In Spite of Challenges Taubman Museum Director Sees Brighter Future

David Micklenberg’s career in the museum field began when he was seven years old. “My mother hooked me up with a photographer professor in the Brooklyn Museum, and I mixed chemicals for him and volunteered my time. I think she wanted me out of the house.  That was a good thing.”

From there, he went on to college and a Master’s Degree in art history at the University of Wisconsin, then served as director of various art museums and institutions before coming to his current position as executive director of the Taubman Art Museum.  Despite the current financial challenges confronting the museum, Micklenberg is optimistic about the facility’s future—though the challenges must be surmounted.  The key to the latter, in his view, are financial and community-based.

“I think the financial situation for the museum is that there is a lot of difficulty [understanding]about where money’s coming from and how much money has been there in the past – and what’s going to be there in the future. There are also a lot of challenges in terms of expanding the donor base to be much broader-based in the community.”

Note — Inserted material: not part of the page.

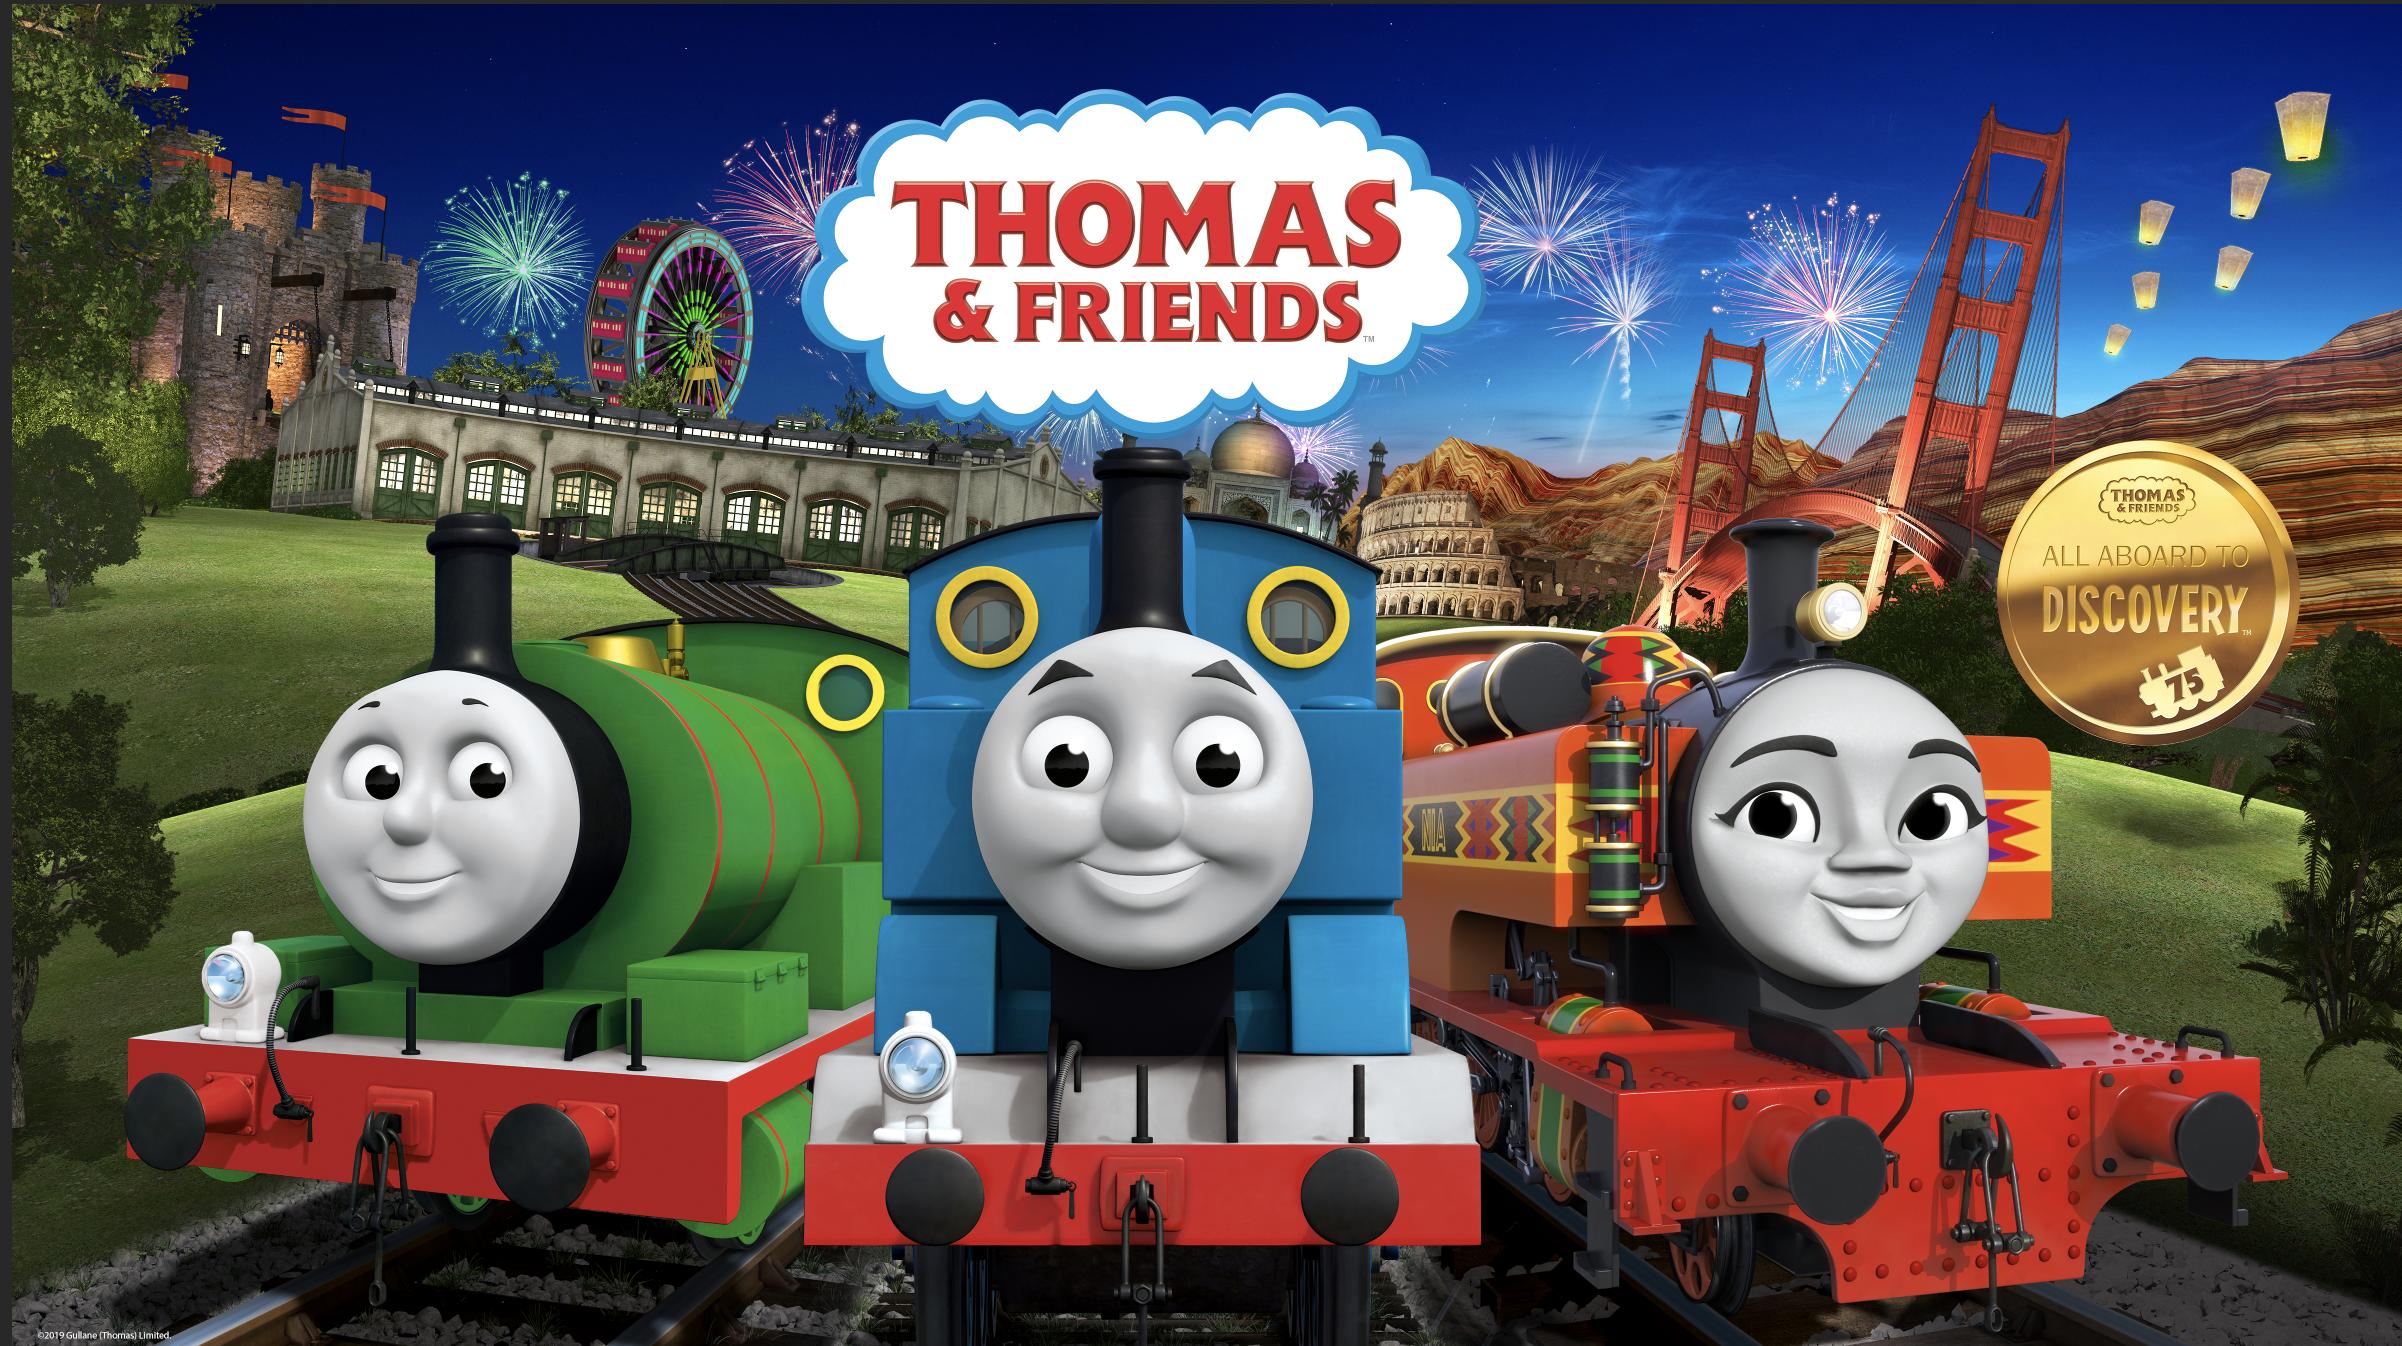 Trenino Thomas sigla: ecco il testo completo

Micklenberg, who went public with his plan last week, said that, “the future of the museum rests in collaborative programmatic partnerships that produce enough income for the museum for budget relief as well as programmatic excellence, and those are the kinds of relationships that we’re looking for in the future.”

Toward that end, Micklenberg hopes the museum will continue its longstanding partnership with Virginia Tech as well as continue its affiliations with Virginia Western Community College, Roanoke College, Hollins University, and the Virginia Museum of Fine Arts.

Additionally, the Taubman Museum has recently spent time sounding out the community to find out what it’s like to have such a facility in Roanoke and what is required to have a truly first-rate museum here—with the result being, in Micklenberg’s words, “that the museum is not only a museum – it’s also an art center. That means the collections and exhibitions in the museum will remain preeminent.

In addition, Micklenberg envisions “a very aggressive program in lectures, concerts, films, symposia, conversations, dialogues … online resources, and a lot of communication and opportunities with the community to participate and to access our artists and ideas.”

Micklenberg continues that this means the museum will have “deep-rooted connections” with higher and K-12 education in both the public and private sectors.

It’s not only about art but people as well: “It’s about being able to communicate with people, being able to understand what people want and their hopes and dreams and aspirations [for] the museum. It’s something that I’ve been able to do at other institutions.”

There are varying opinions about the Taubman two years after the $66 million dollar facility opened, but Micklenberg, who succeeded Georganne Bingham a year ago, believes that, “by and large, I think everybody cares that the museum stays afloat and everybody cares that the museum remains a critical cultural component of Roanoke.  So I think that the experiences that I’ve had at other institutions helped me define how that happens here.”